= Louis I d'Orléans, duc de Longueville =

French aristocrat (1480–1516)

Louis I d'Orléans, Duke of Longueville (1480 – Beaugency, 1 August 1516), was a French aristocrat and general, Grand Chamberlain of France and governor of Provence.

Louis was the second son of François d'Orléans, Count of Dunois and Agnes of Savoy. He succeeded his elder brother François II in 1512, and became 2nd Duke of Longueville, Count of Montgommery, Count of Tancarville, Prince of Châlet-Aillon, Marquis of Rothelin and viscount of Abberville. His paternal grandfather, Jean, Count of Dunois, was the illegitimate son of Louis I, Duke of Orléans – son of King Charles V of France.

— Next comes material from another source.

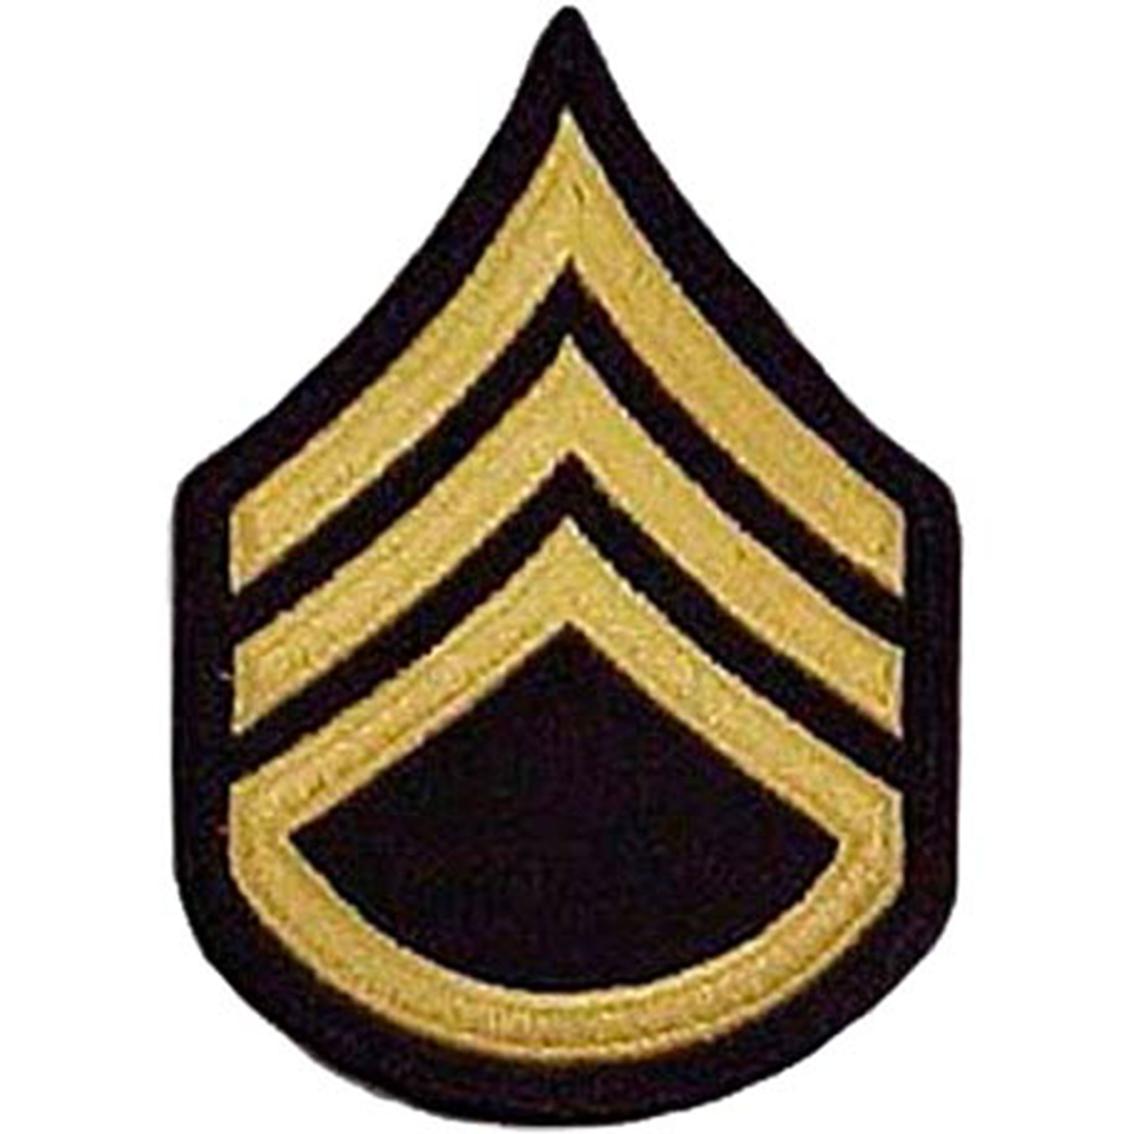 Army Rank Ssg Small Asu Sew-on | Small Asu Rank | Military | Shop The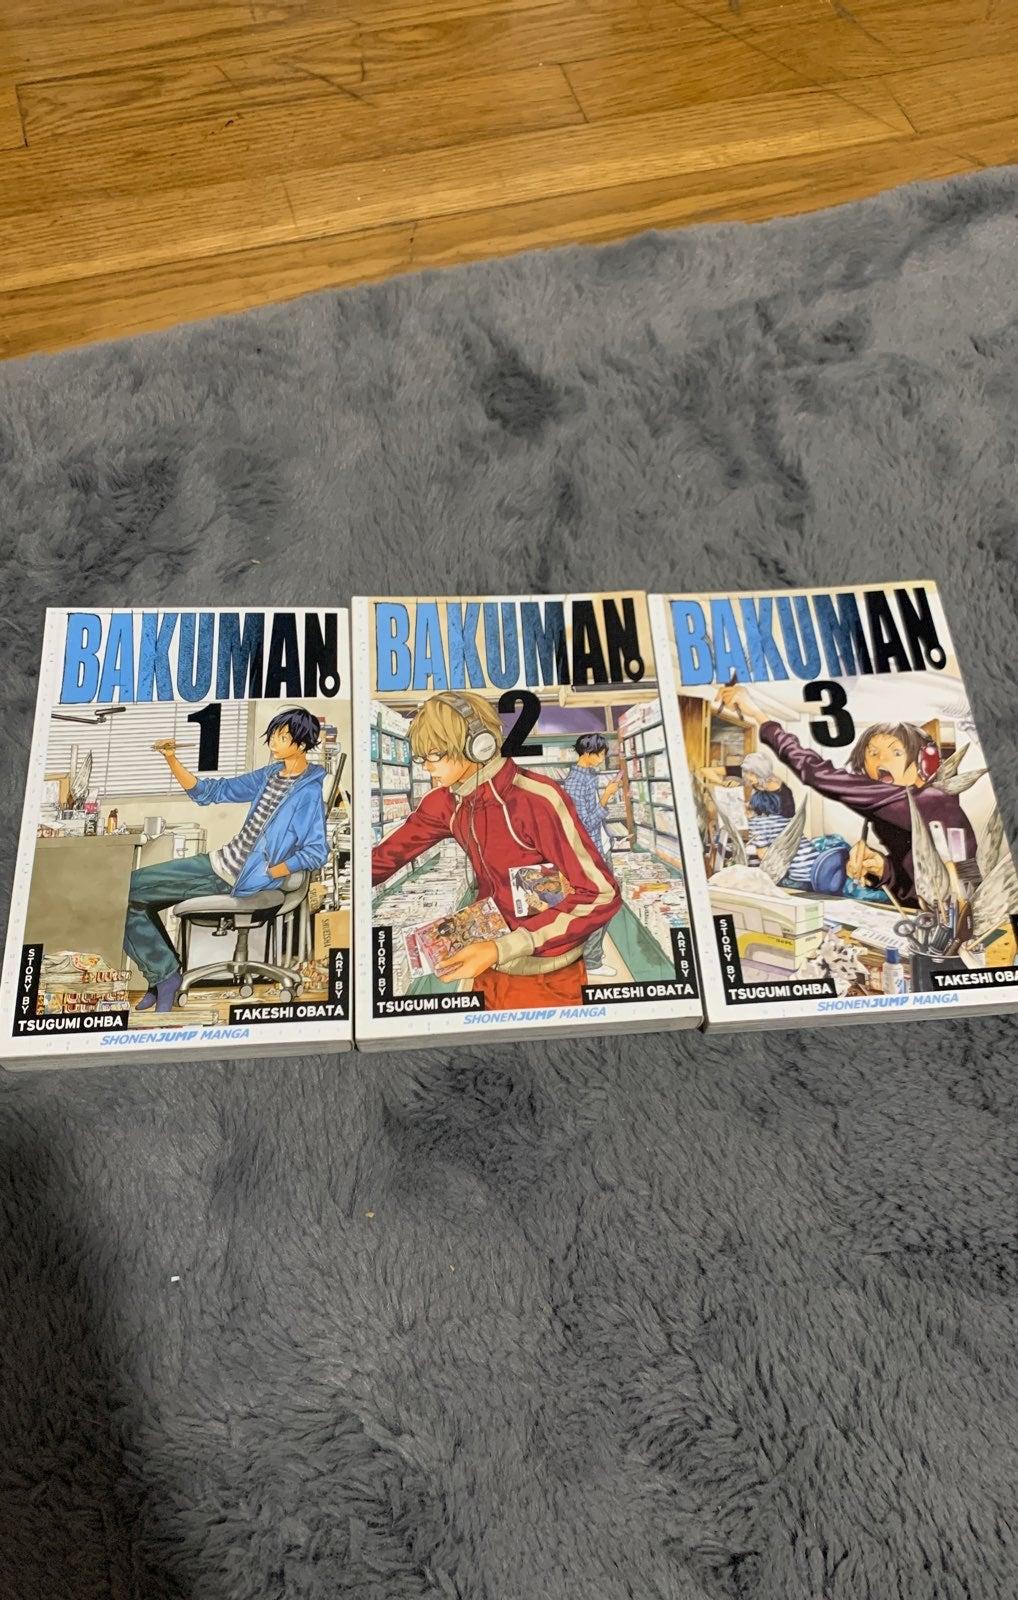 Bakuman Manga Volumes 1-3 Shonen Jump

On 16 August 1513, Louis was taken prisoner by the English at the battle of the Spurs when he attempted to bring relief to the siege of Thérouanne. He was sent to Catherine of Aragon, who first lodged him in the Tower of London while she dealt with the Scottish invasion and the battle of Flodden. Longueville was treated very well in England, having a relationship with Jane Popincourt. He stood in for Louis XII of France in the marriage ceremony with Mary Tudor in Greenwich Palace on 13 August 1514.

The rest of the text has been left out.